§ Work instructions
Below are entries; output exactly the lines from the one with "BLOQUE 96X0,2ML / PLACA 96 PCR - REF. 88876" to the one with "Louis Vuitton Taiga", both included, and nothing else.

=== Dataset content ===

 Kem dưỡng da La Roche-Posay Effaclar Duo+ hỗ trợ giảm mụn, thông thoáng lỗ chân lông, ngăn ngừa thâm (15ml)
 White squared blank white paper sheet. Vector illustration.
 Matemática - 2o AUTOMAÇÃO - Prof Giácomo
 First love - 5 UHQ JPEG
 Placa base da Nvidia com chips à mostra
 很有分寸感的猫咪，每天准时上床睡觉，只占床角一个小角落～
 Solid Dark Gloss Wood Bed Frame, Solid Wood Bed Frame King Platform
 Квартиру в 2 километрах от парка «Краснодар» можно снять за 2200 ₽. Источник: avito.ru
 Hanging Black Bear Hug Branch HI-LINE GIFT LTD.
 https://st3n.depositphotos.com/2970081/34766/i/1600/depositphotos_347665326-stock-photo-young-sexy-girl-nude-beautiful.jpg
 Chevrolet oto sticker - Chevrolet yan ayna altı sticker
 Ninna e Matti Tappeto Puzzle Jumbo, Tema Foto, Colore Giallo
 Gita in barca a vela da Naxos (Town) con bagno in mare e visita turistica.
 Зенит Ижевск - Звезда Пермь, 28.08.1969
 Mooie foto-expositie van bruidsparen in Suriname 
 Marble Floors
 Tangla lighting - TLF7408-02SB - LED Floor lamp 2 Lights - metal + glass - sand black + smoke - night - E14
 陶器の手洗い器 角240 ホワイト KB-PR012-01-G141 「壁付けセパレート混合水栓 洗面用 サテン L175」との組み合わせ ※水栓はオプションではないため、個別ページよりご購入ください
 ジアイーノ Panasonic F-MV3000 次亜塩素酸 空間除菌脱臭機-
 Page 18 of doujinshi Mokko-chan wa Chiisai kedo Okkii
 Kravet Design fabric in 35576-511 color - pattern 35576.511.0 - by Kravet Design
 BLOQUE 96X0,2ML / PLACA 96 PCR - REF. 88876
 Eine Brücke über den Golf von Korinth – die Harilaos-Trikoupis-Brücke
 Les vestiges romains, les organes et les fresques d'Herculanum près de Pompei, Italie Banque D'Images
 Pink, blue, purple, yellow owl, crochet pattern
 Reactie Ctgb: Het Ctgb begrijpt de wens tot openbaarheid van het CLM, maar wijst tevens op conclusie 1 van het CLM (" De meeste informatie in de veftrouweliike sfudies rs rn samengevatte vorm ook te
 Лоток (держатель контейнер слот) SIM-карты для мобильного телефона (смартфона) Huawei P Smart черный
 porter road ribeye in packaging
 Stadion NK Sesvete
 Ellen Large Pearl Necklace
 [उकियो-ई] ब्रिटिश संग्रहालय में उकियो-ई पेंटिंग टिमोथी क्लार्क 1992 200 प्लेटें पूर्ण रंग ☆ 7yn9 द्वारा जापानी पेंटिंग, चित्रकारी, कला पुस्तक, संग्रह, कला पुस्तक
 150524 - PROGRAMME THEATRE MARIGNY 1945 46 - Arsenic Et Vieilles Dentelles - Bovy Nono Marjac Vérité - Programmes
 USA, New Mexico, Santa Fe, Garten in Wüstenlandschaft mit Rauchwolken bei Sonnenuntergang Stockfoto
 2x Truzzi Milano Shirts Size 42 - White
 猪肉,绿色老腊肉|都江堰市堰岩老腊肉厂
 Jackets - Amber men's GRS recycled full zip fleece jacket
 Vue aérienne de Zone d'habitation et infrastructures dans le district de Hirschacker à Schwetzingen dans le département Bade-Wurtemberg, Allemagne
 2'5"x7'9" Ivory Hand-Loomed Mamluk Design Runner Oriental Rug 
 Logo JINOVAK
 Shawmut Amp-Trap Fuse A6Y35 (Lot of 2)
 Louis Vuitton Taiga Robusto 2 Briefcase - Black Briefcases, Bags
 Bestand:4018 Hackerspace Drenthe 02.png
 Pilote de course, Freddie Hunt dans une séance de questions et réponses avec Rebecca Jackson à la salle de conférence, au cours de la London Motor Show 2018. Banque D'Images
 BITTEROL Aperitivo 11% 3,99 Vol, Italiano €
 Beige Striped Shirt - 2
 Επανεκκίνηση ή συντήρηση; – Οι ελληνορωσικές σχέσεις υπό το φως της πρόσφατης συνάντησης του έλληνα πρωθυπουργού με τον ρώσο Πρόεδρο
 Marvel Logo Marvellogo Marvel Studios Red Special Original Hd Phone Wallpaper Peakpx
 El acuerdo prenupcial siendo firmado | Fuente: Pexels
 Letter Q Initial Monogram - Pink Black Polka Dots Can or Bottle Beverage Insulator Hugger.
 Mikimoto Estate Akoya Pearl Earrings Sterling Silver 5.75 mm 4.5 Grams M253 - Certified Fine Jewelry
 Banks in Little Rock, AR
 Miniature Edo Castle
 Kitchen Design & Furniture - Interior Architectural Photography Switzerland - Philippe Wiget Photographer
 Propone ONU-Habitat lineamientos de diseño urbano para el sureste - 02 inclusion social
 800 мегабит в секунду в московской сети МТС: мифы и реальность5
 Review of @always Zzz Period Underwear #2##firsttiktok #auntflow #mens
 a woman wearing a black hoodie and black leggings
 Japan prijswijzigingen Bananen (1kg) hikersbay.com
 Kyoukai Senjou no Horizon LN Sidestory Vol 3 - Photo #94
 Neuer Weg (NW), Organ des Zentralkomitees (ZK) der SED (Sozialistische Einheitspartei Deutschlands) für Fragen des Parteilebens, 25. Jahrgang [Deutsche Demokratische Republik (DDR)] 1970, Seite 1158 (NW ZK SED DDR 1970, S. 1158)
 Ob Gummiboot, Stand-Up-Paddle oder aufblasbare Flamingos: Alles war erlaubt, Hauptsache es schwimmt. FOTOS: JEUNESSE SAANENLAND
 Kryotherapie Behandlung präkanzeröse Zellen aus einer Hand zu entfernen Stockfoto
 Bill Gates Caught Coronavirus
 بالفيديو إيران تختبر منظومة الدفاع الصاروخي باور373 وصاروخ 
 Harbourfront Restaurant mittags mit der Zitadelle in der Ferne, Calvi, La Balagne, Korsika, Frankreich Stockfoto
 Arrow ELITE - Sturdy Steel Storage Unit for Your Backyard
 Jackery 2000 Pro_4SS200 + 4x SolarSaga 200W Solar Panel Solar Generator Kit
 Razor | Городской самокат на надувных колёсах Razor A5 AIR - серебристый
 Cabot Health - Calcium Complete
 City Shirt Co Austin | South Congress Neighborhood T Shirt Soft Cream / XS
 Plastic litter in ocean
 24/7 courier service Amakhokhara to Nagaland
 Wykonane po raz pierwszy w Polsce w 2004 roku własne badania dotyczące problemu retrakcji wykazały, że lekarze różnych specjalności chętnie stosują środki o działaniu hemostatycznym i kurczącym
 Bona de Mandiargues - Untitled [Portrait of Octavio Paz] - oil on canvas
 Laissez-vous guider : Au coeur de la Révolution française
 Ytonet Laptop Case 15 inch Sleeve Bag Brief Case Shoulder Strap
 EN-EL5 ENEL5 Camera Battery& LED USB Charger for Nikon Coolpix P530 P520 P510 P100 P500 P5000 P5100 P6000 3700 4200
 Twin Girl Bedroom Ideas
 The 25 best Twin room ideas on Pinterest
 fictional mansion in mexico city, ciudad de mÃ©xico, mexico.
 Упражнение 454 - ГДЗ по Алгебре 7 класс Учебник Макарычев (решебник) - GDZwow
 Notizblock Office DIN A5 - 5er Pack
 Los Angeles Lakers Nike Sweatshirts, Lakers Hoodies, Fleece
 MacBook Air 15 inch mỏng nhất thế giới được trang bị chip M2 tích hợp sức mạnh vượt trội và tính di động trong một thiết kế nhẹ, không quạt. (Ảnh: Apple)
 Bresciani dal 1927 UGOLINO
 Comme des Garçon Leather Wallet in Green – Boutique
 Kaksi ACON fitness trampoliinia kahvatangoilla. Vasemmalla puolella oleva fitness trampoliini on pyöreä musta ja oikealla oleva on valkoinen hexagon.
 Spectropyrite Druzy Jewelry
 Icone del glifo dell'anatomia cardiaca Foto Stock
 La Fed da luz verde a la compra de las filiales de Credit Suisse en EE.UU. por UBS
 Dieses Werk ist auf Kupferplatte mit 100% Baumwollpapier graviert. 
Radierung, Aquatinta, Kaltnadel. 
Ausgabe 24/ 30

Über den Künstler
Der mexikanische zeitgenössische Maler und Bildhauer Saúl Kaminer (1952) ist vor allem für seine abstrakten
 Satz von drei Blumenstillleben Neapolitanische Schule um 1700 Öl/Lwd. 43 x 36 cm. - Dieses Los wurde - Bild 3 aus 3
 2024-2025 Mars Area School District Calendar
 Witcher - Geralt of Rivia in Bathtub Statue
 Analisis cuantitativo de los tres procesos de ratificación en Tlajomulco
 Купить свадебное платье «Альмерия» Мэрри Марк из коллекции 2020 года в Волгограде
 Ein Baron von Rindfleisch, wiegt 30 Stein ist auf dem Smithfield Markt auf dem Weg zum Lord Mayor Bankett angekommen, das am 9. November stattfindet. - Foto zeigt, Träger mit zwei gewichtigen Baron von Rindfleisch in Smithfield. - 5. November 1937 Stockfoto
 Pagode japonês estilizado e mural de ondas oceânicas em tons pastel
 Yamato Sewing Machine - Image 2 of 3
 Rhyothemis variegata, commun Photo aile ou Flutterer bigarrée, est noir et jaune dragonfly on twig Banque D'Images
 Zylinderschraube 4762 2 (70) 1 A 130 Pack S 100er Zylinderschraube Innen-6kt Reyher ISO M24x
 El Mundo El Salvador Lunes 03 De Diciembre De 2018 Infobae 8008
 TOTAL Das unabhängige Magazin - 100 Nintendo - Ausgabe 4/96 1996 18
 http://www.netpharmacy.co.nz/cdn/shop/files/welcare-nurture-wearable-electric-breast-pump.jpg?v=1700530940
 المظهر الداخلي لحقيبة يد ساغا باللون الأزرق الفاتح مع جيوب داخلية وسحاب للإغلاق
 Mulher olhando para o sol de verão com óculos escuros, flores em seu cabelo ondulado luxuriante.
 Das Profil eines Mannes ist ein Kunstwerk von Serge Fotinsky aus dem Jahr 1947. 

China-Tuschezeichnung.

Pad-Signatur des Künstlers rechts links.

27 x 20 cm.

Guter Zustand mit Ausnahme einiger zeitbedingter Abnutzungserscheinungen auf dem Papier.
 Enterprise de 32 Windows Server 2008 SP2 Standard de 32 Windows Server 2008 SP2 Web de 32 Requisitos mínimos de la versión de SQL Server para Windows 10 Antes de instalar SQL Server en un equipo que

===

§ The completed task
 BLOQUE 96X0,2ML / PLACA 96 PCR - REF. 88876
 Eine Brücke über den Golf von Korinth – die Harilaos-Trikoupis-Brücke
 Les vestiges romains, les organes et les fresques d'Herculanum près de Pompei, Italie Banque D'Images
 Pink, blue, purple, yellow owl, crochet pattern
 Reactie Ctgb: Het Ctgb begrijpt de wens tot openbaarheid van het CLM, maar wijst tevens op conclusie 1 van het CLM (" De meeste informatie in de veftrouweliike sfudies rs rn samengevatte vorm ook te
 Лоток (держатель контейнер слот) SIM-карты для мобильного телефона (смартфона) Huawei P Smart черный
 porter road ribeye in packaging
 Stadion NK Sesvete
 Ellen Large Pearl Necklace
 [उकियो-ई] ब्रिटिश संग्रहालय में उकियो-ई पेंटिंग टिमोथी क्लार्क 1992 200 प्लेटें पूर्ण रंग ☆ 7yn9 द्वारा जापानी पेंटिंग, चित्रकारी, कला पुस्तक, संग्रह, कला पुस्तक
 150524 - PROGRAMME THEATRE MARIGNY 1945 46 - Arsenic Et Vieilles Dentelles - Bovy Nono Marjac Vérité - Programmes
 USA, New Mexico, Santa Fe, Garten in Wüstenlandschaft mit Rauchwolken bei Sonnenuntergang Stockfoto
 2x Truzzi Milano Shirts Size 42 - White
 猪肉,绿色老腊肉|都江堰市堰岩老腊肉厂
 Jackets - Amber men's GRS recycled full zip fleece jacket
 Vue aérienne de Zone d'habitation et infrastructures dans le district de Hirschacker à Schwetzingen dans le département Bade-Wurtemberg, Allemagne
 2'5"x7'9" Ivory Hand-Loomed Mamluk Design Runner Oriental Rug 
 Logo JINOVAK
 Shawmut Amp-Trap Fuse A6Y35 (Lot of 2)
 Louis Vuitton Taiga Robusto 2 Briefcase - Black Briefcases, Bags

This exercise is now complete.